The region of Puglia has become one of Italy's leading producers of rosé wine, offering an exceptional and sophisticated selection that surpasses the quality of other rosé wine-producing countries.
Puglia, Italy – In Italy’s southeastern peninsular region, embraced by the Mediterranean breeze of the Adriatic and Ionian seas, is Puglia. Recognized as one of Italy’s culturally richest territories, Puglia has long enjoyed a history of distinction due to its simple but equally rich gastronomy, historic architecture, and long-standing influence in the production of Italian wines. Most recently, the region has become one of Italy’s leading producers of rosé wine, offering an exceptional and sophisticated selection that surpasses the quality of other rosé wine-producing countries.
Known as the oldest type of wine, rosé wine has seen a resurgence in popularity in the past five years. In the United States alone, the second-largest consumer of rosé wine after France, the consumption of rosé has grown by approximately 50% in the last four years.
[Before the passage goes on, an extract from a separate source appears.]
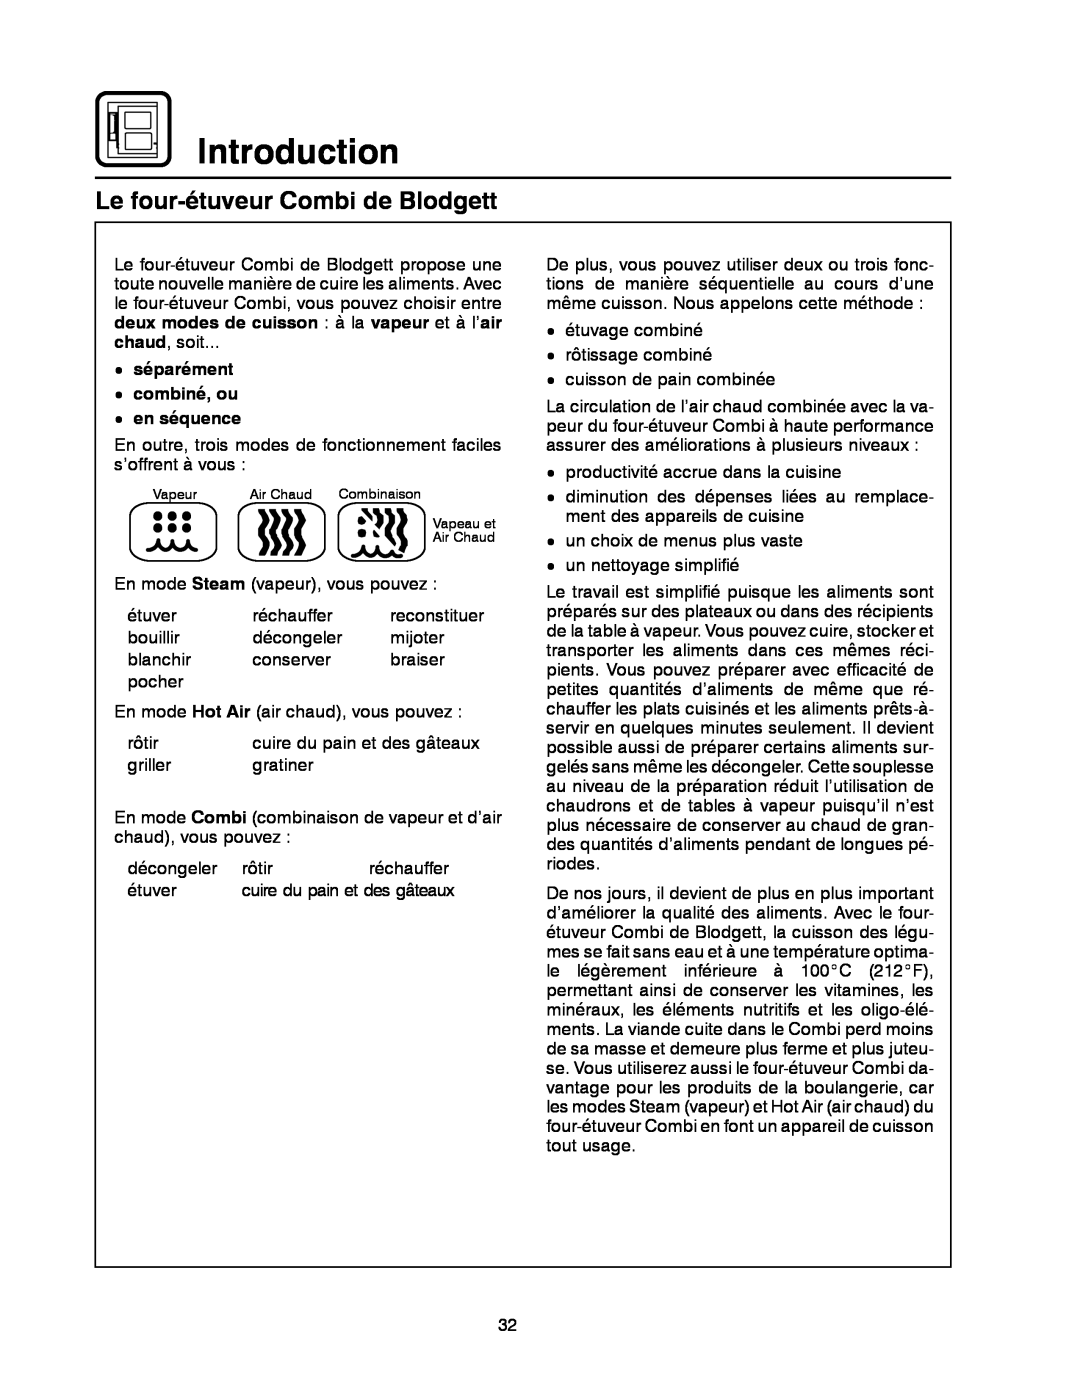 Blodgett BC-20G manual Le four-étuveur Combi de Blodgett, Introduction, deux modes de cuisson à la vapeur et à l’air

Rosé has quickly gone from being considered a cheap, second-grade, mass-produced wine option for sipping during a weekend brunch to the selection of choice by wine experts and aficionados, and a discerning millennial generation responsible for the boost in wine sales and consumption around the world. Puglia’s quality rosé wines are still not widely distributed in the United States. This has further sparked the curiosity of this new generation of wine enthusiasts and rosé lovers who pay closer attention to the production of what they are consuming and, in turn, to the processes and ancient traditions used in winemaking. Traditions that are profoundly and proudly still honored today by winemakers of Puglia.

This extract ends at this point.